# ASSIGNMENT:
An exact copy of the data is required. No picture may appear in it.

# INFORMATION SUPPLIED:
-- Opening Marker --

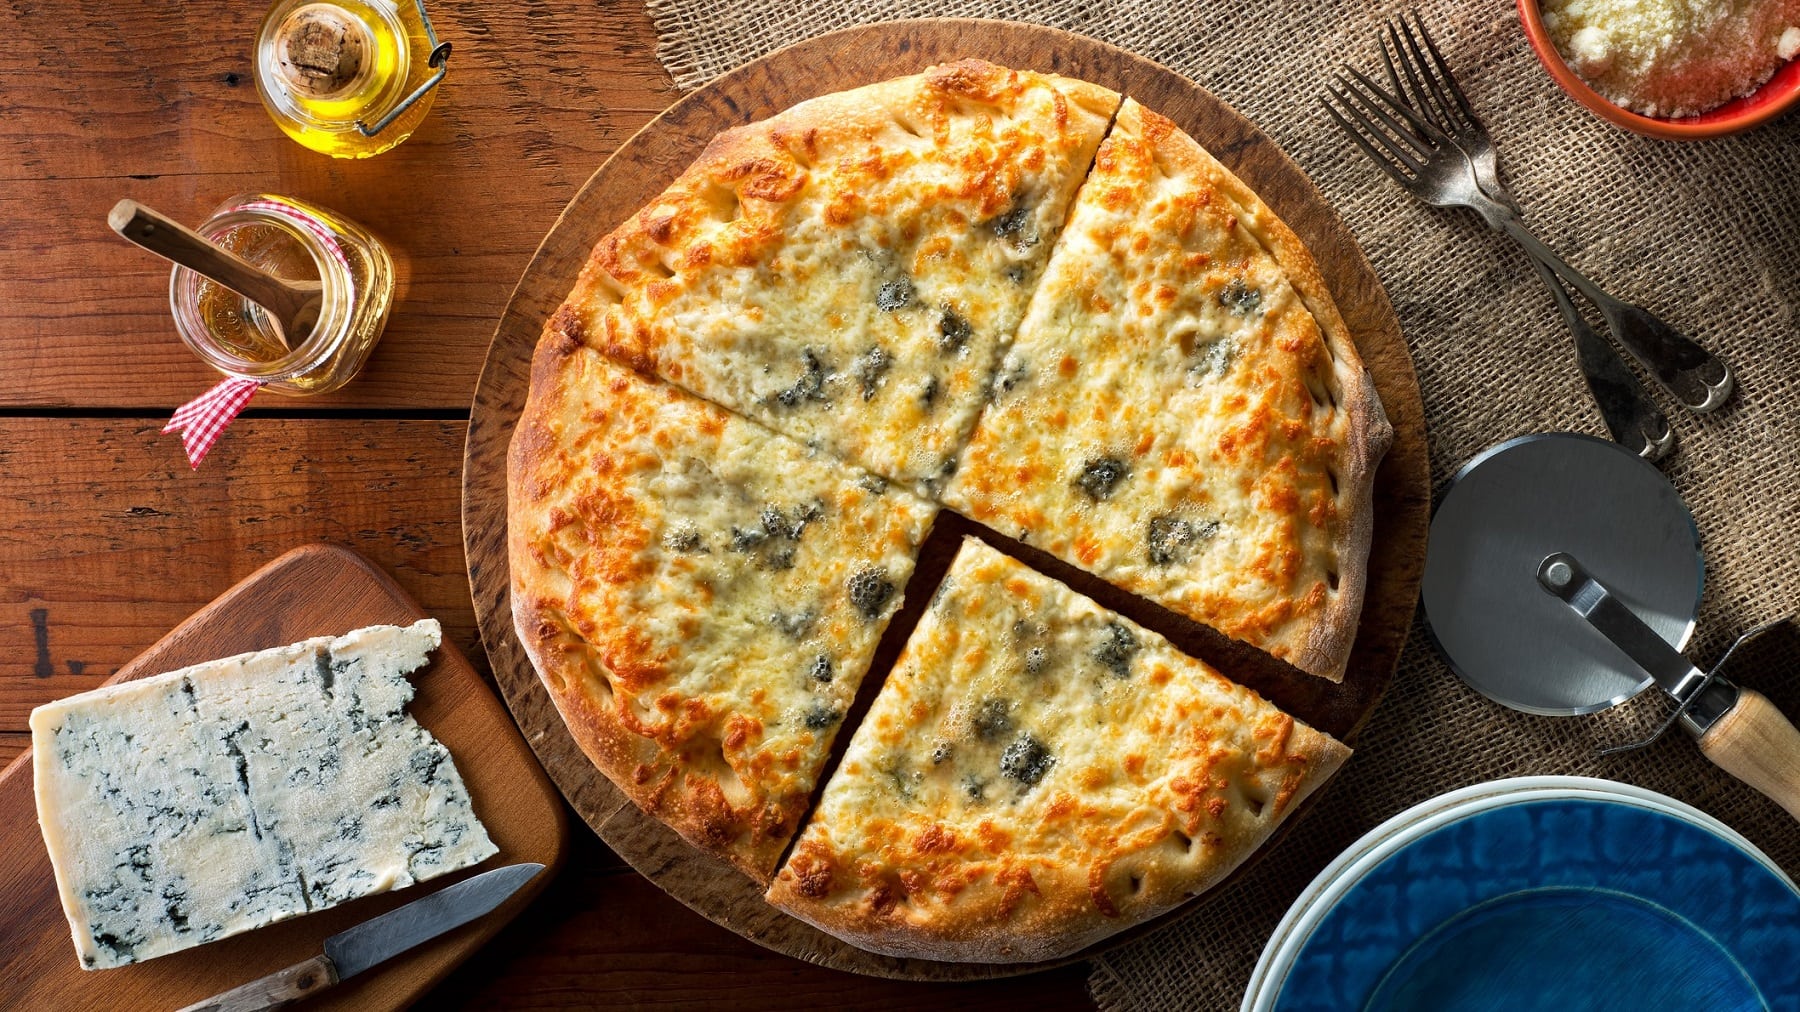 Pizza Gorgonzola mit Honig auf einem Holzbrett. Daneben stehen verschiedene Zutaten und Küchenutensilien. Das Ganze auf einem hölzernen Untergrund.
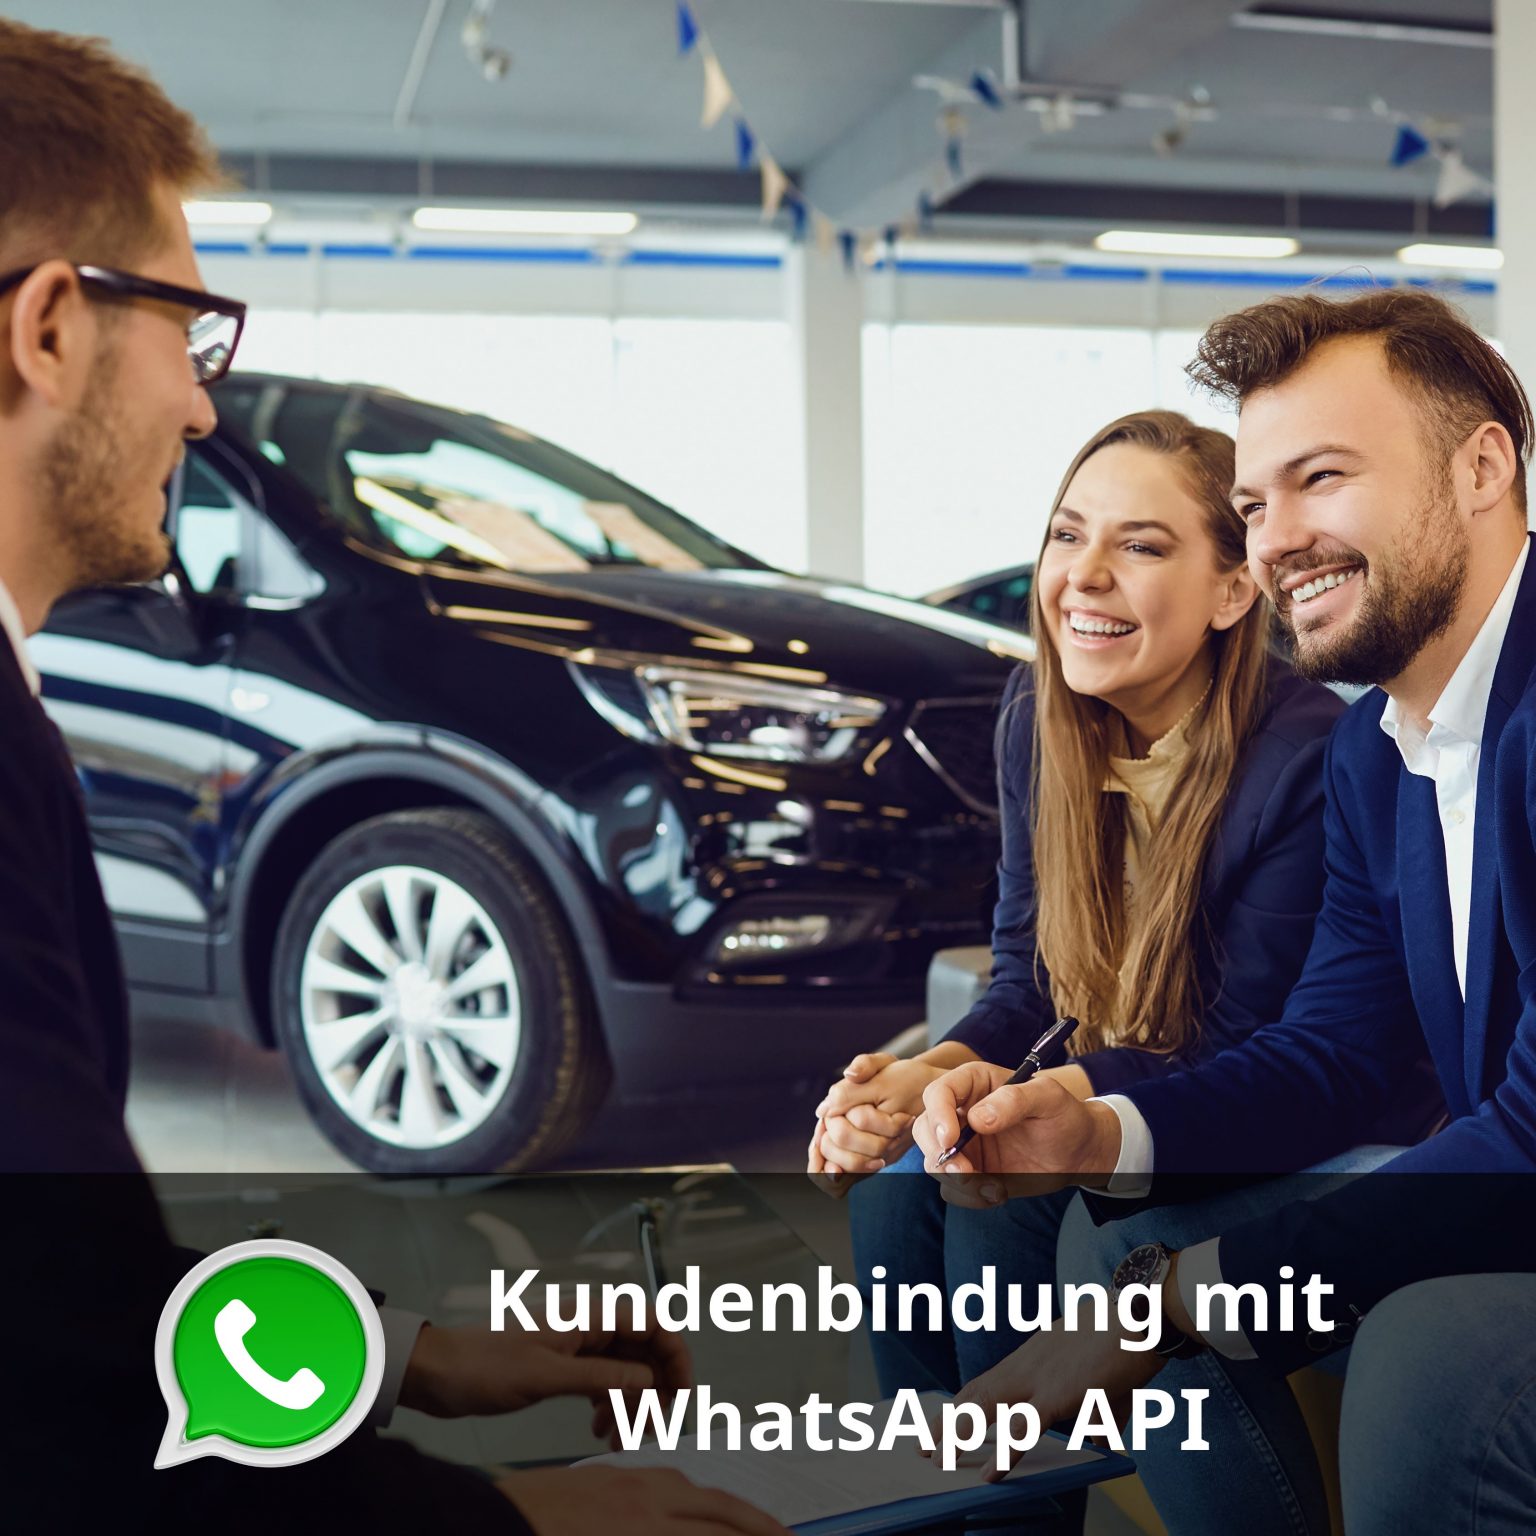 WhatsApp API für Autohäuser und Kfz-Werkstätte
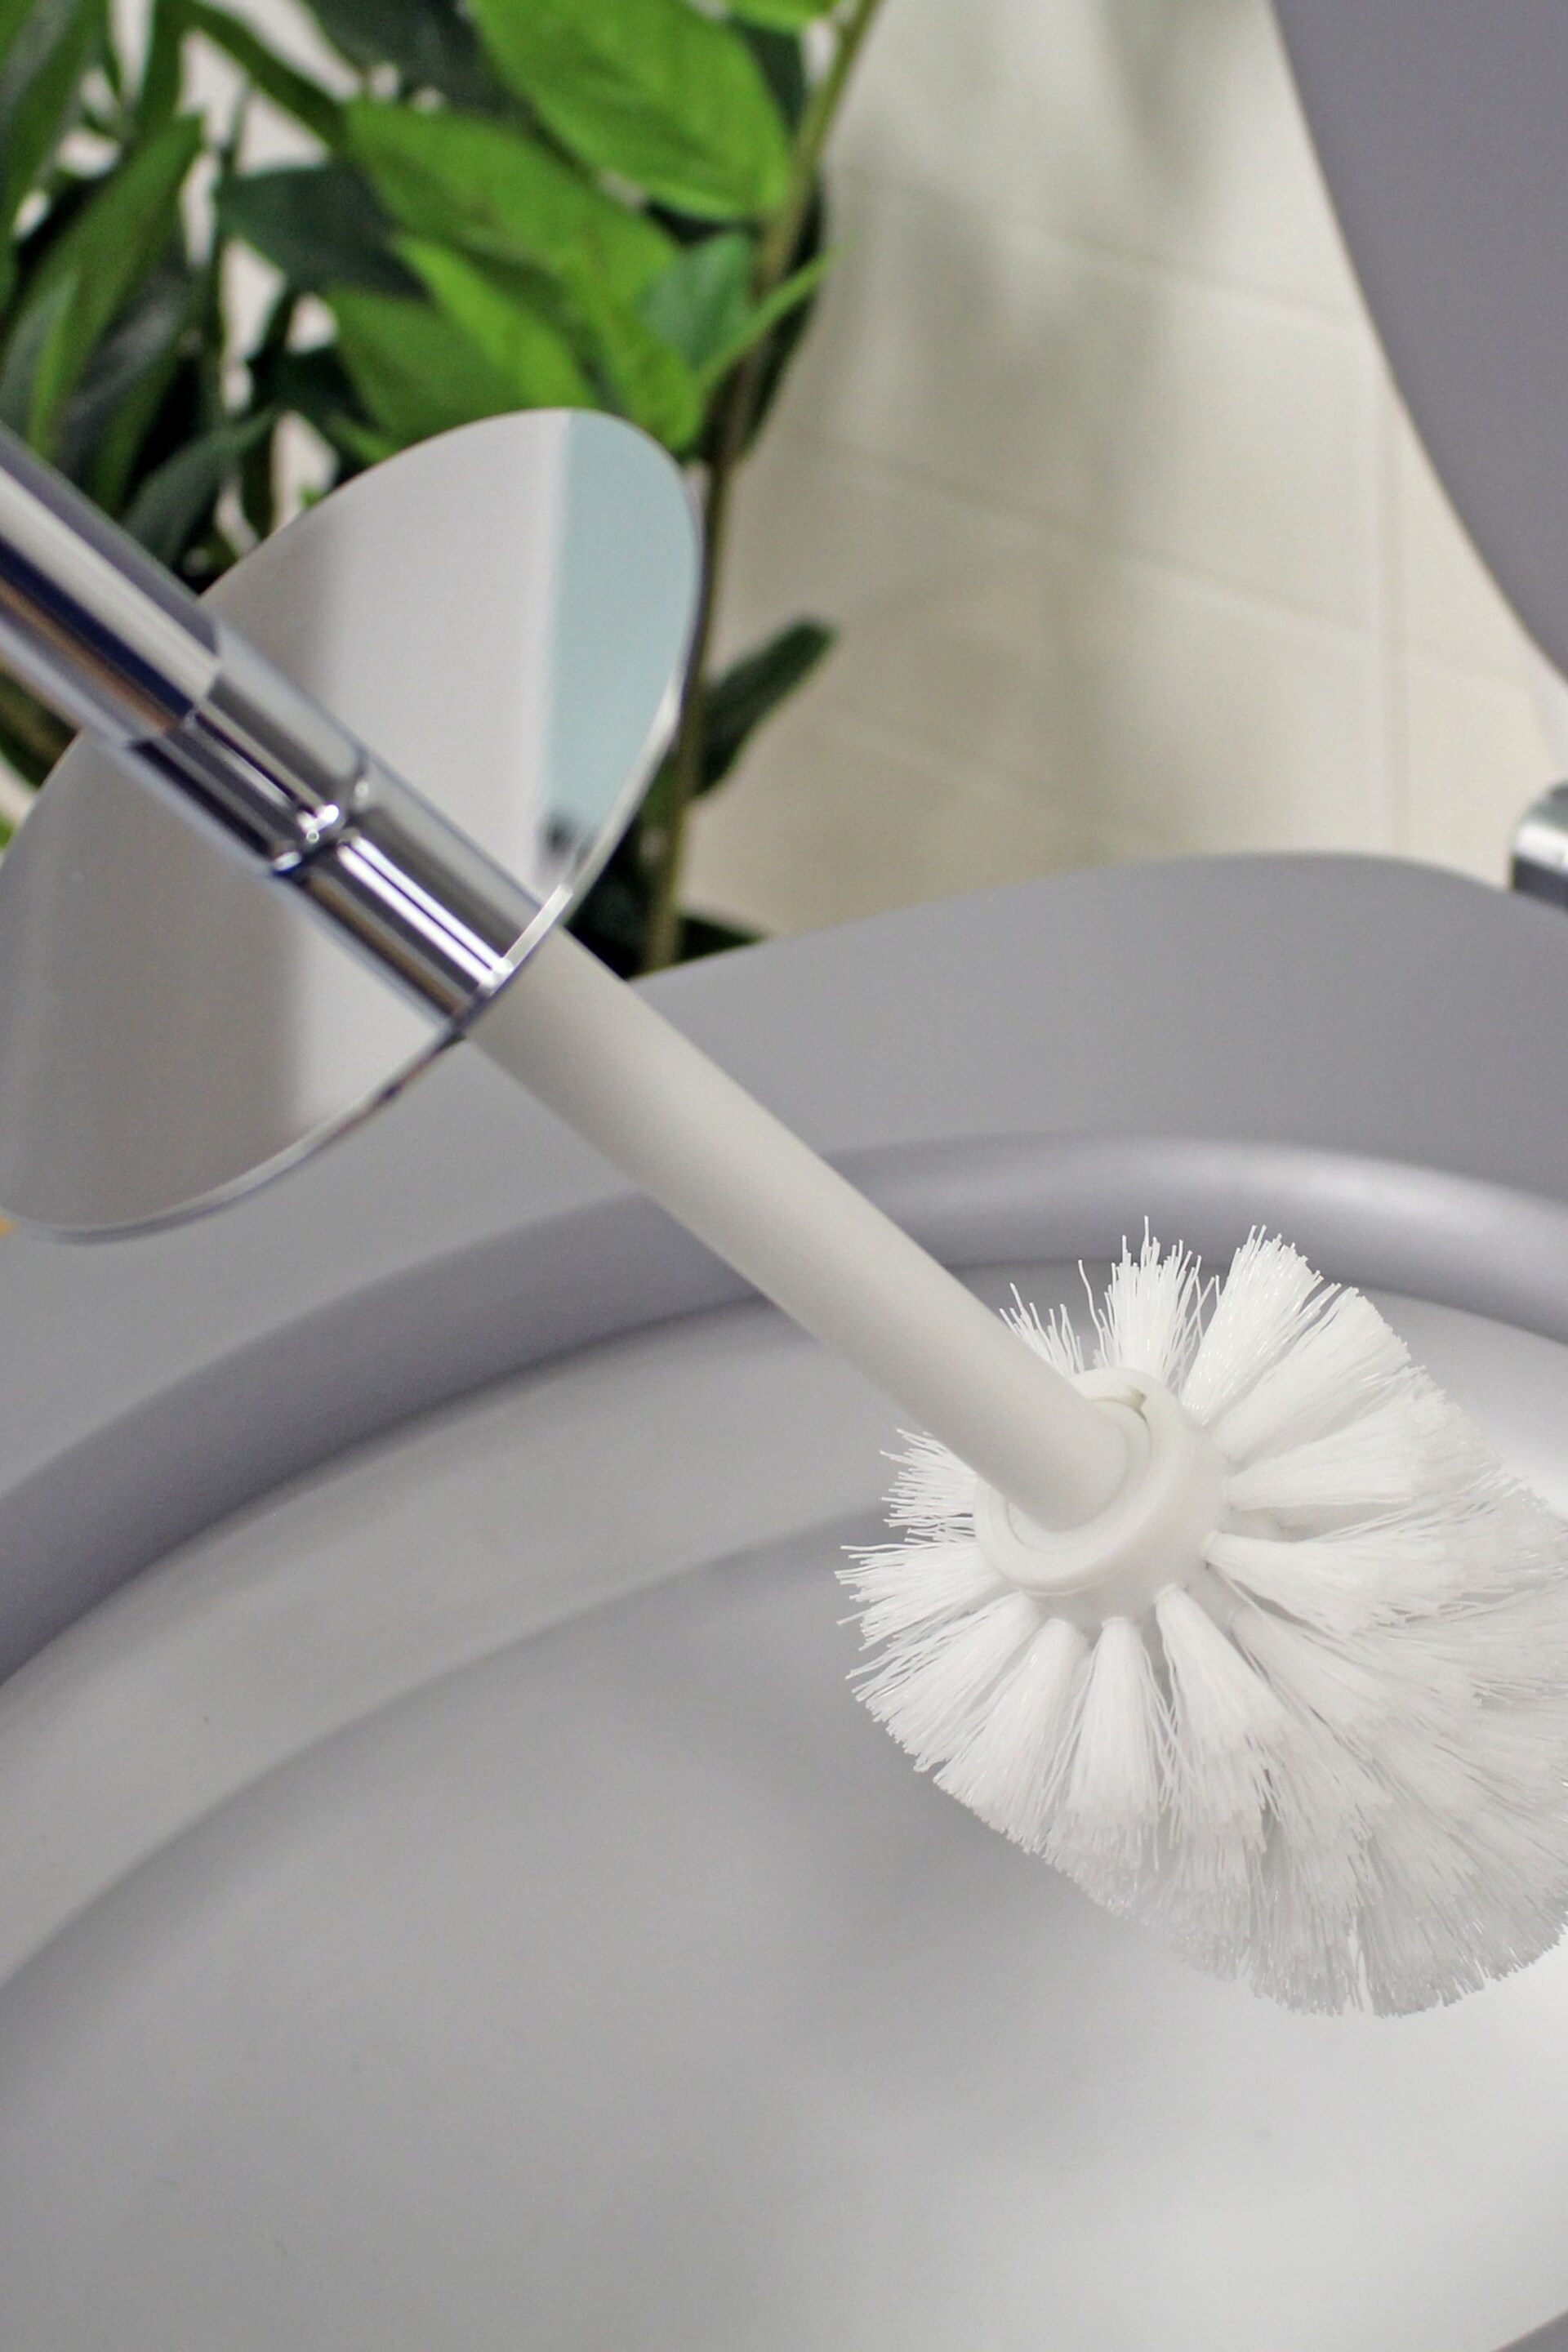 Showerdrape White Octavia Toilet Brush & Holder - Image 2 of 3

-- Closing Marker --

# ANSWER TO THE PROBLEM:
 Pizza Gorgonzola mit Honig auf einem Holzbrett. Daneben stehen verschiedene Zutaten und Küchenutensilien. Das Ganze auf einem hölzernen Untergrund.
 WhatsApp API für Autohäuser und Kfz-Werkstätte
 Showerdrape White Octavia Toilet Brush & Holder - Image 2 of 3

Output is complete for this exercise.